X: The Patriot Act and what Americans read in their libraries. Big Brother is watching you in the library.

But even before September 11 the American media routinely censored themselves on the State of Israel. Relatively little which was negative was to be said about the policies, actions, or even atrocities perpetrated by the State of Israel.

The United States may be the only country in the world in which criticizing the national government is much safer than criticizing a third country actually subsidized by the national government. It is much safer in the United States to criticize Uncle Sam than to criticize the government of Israel.

I know of nobody at an American university who has been denied tenure for criticizing the American government, but people have lost their jobs or their promotions in the United States for criticizing the State of Israel.


In Search of Solutions

What is the solution? Israel is the only aspect of U.S. foreign policy which is truly mission-driven, but the mission is creating anti-American monsters. Clearly this is counter productive. How could we save the positive aspects of the Israeliphilia mission and not incur the cost?

There are two balances which need to be struck. The more obvious one is greater even-handedness in balancing the rights of Palestinians with the rights of Israelis. Anything short of that is both inhumane and totally un-American in the democratic sense.

But there is another balance which needs to be struck. The two countries in the world which symbolize the return of the Diaspora to ancestry are Israel, on one side, and Liberia, on the other. Dispersed people returned home and created new nations. Indeed, long before the political Zionist movement of Theodor Hertzel was born in Europe, there was a back-to-Africa movement among dispersed Blacks in the Americas.

Long before Jews returned to the Middle East to create the new state of Israel, Black Americans had returned to Africa and created the state of Liberia. This latter movement back to Africa has sometimes been called "BLACK ZIONISM". On balance, the United States has a much more direct obligation to the survival of Liberia than it has to the survival of Israel.
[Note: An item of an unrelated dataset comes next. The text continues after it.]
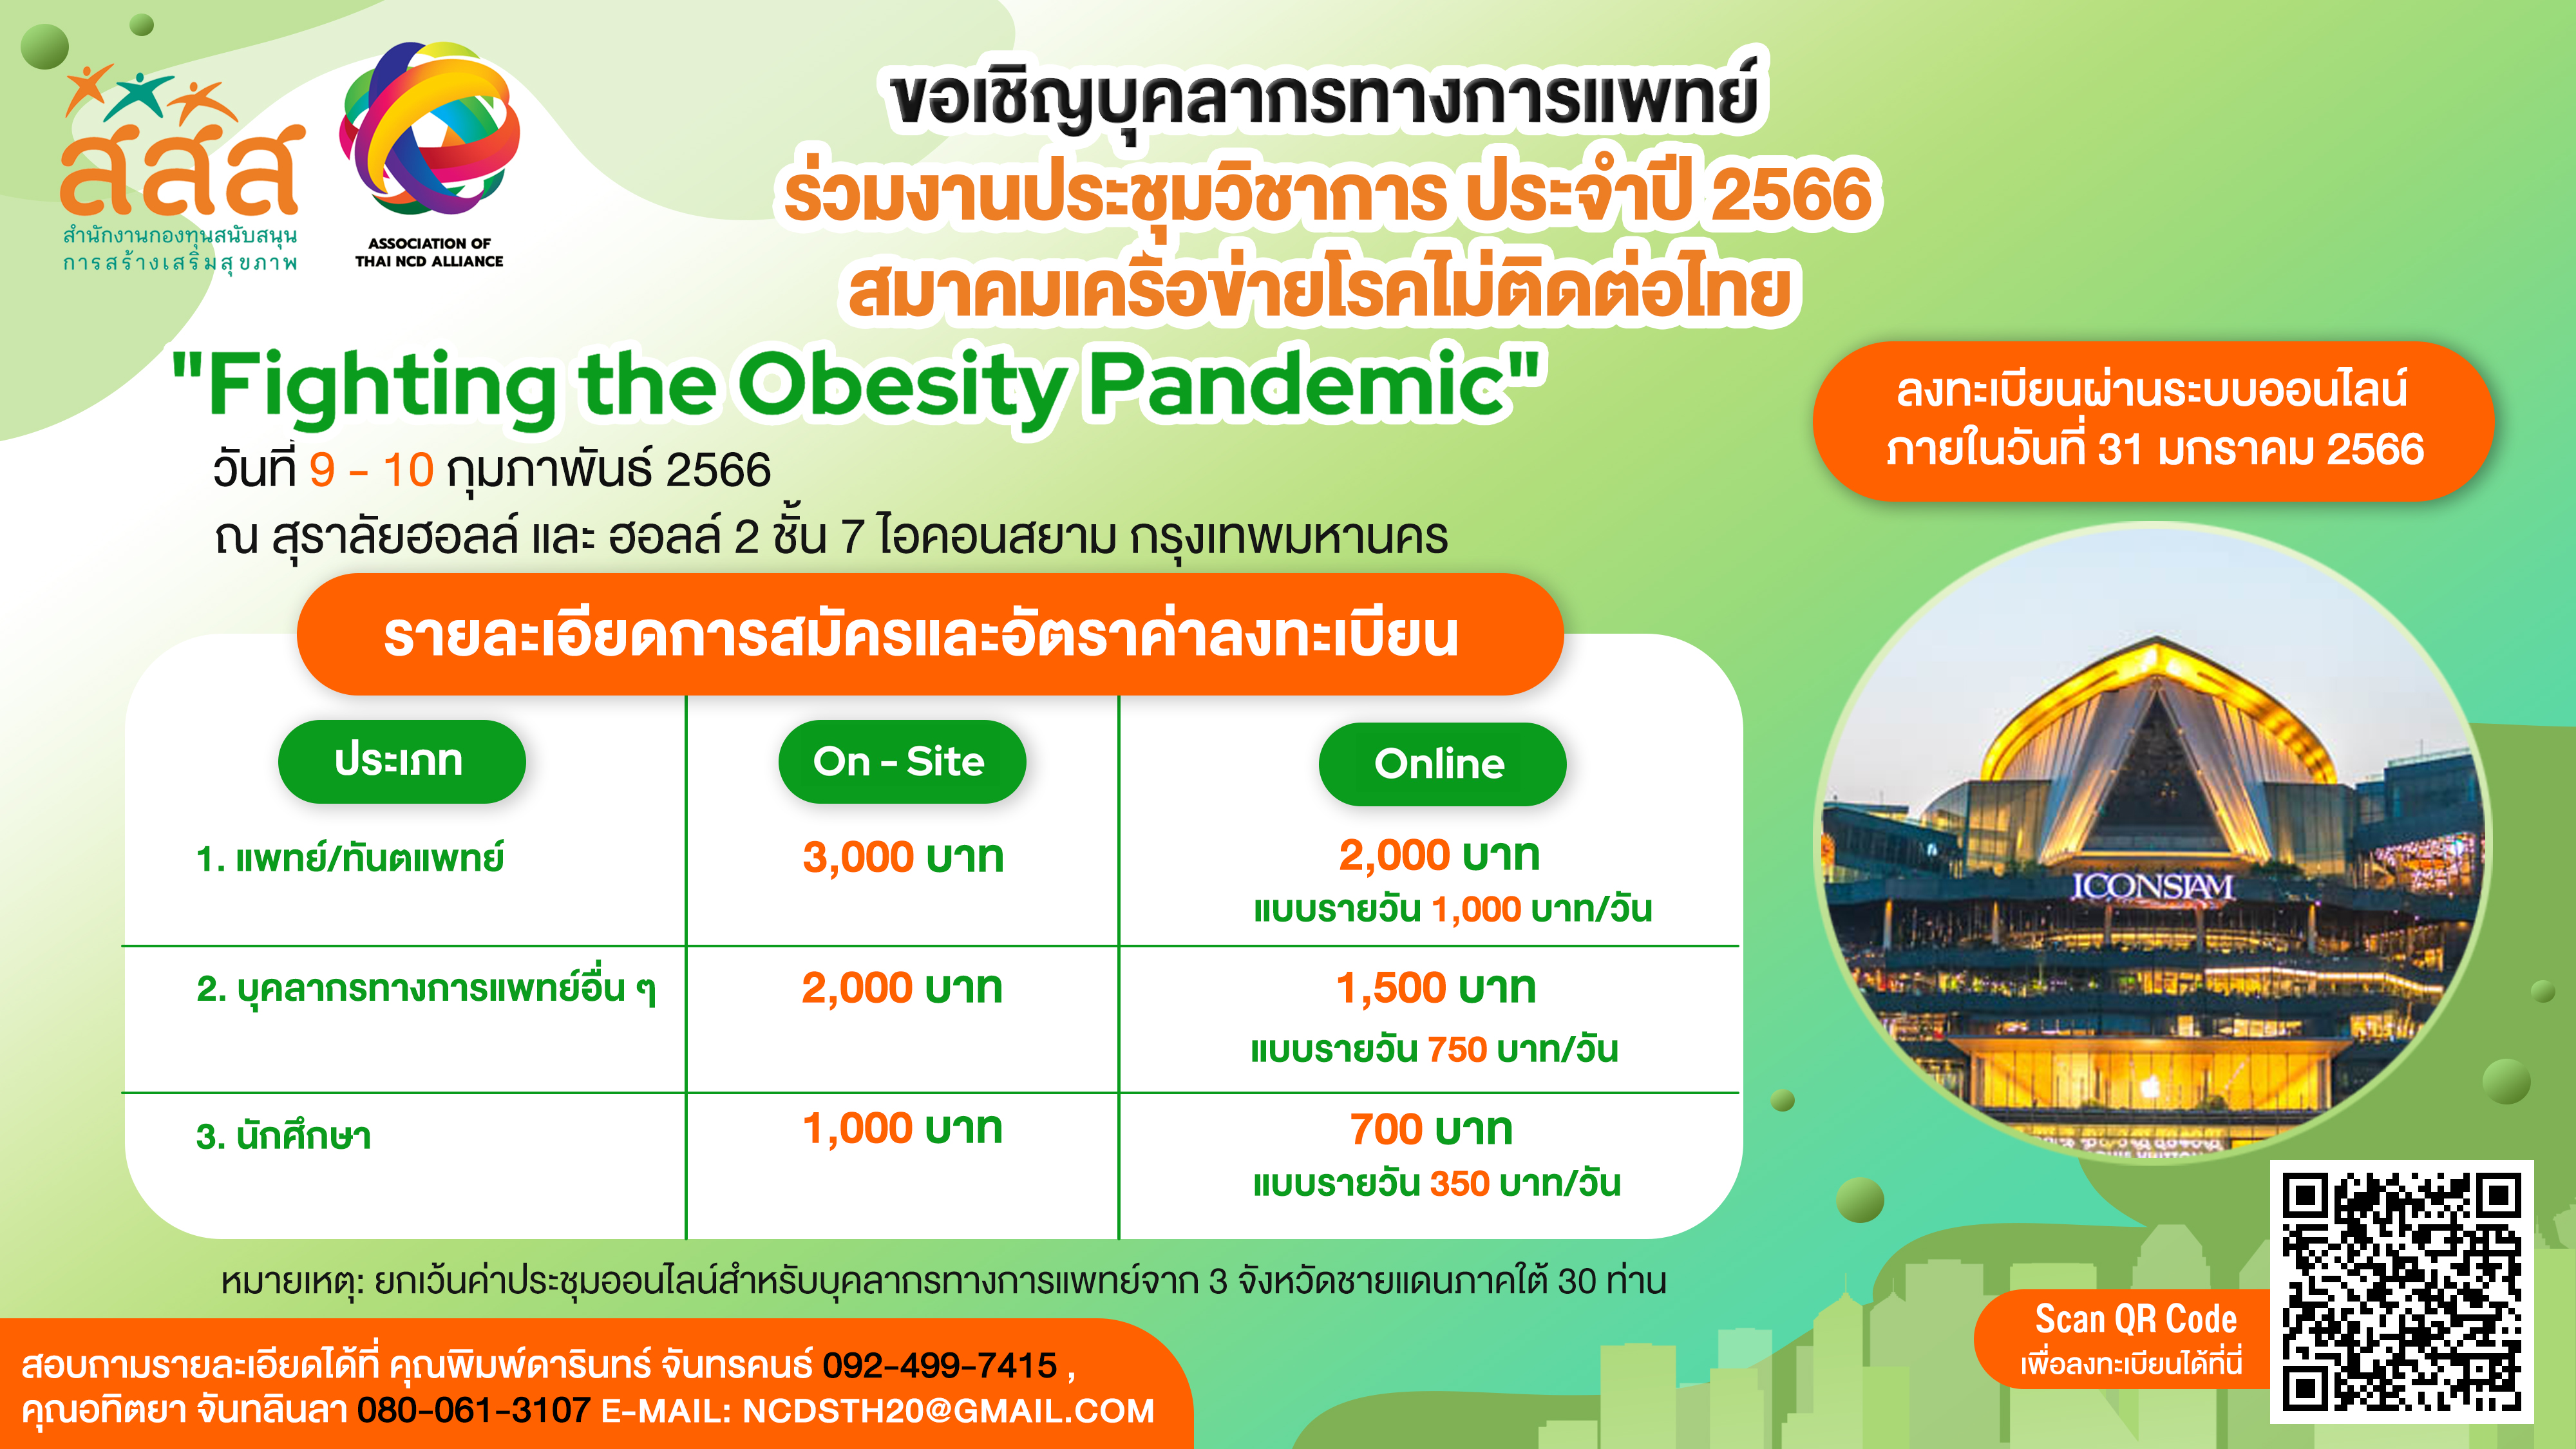 การประชุมวิชาการ สมาคมเครือข่ายโรคไม่ติดต่อไทย ประจำปี 2566 Thai NCD Alliance 2023

The sense of mission to defend the state of Israel can become a virtue if it is combined with a concern for the just rights of the Palestinians. But this equilibrium in the Middle East needs to be combined with a new sense of mission in Africa. The place to start is Liberia, but extending outward to the rest of the continent.

Just as the United States has spent billions every year to help Israel, it is time for the United States to consider spending a billion a year on Liberia for a decade as part of a wider Marshall Plan for the African continent.

One more change is needed in the United States' orientation towards the outside world. Americans should stop preferring and eulogizing warrior presidents.

Every American president since Franklin D. Roosevelt has engaged in some act of war or another. Roosevelt was inevitably embroiled in World War II; Harry Truman helped to initiate the Korean War; Dwight Eisenhower ended the Korean War but started planning for the Bay of Pigs operation on Cuba; John F. Kennedy unleashed the Bay of Pigs operation and helped to initiate the Vietnam War; Lyndon Johnson escalated the Vietnam war; Richard Nixon bombed Cambodia; Gerald Ford sent the Marines in a disagreement with Cambodia over a U.S. cargo-ship, the Mayaguez; Jimmy Carter attempted to thwart the Iranian revolution and paid heavily for it; Ronald Reagan perpetrated acts of war in Lebanon, the Caribbean, Libya and in shooting down a civilian airline in the Persian Gulf; George Bush Senior invaded Panama and is most famous for Desert Storm in the Persian Gulf; Bill Clinton led military action against Yugoslavia over Kosovo and bombed Sudan and Afghanistan; George W. Bush has already inherited a decade of bombing Baghdad and subsidizing half a century of Israeli militarism against Palestinians. Now this younger Bush has embarked on what he once called a "crusade against terrorism." This could be a war without end. When are we likely to have a victory parade to celebrate the end of the war against terrorism? We may kill Usama bin Laden, but when will the war end?

Every American president since Franklin Roosevelt has regarded an act of war as the equivalent of a rite of passage. The Commander-in-Chief has to "act presidential". And yet the United States hardly ever calls these engagements "acts of war". Even the war in Vietnam which cost nearly sixty thousand American lives and millions of Vietnamese lives, was never officially declared by the United States. America needs to find more humane rites of passage for its leaders.

Terrorism is getting globalized, but the definition of an "act of war" is not. Such a definition is still highly selective, depending upon the power of the perpetrator or the status of the victim. For the immediate future it may also depend upon making sure that Usamaphobia does not degenerate into Islamophobia.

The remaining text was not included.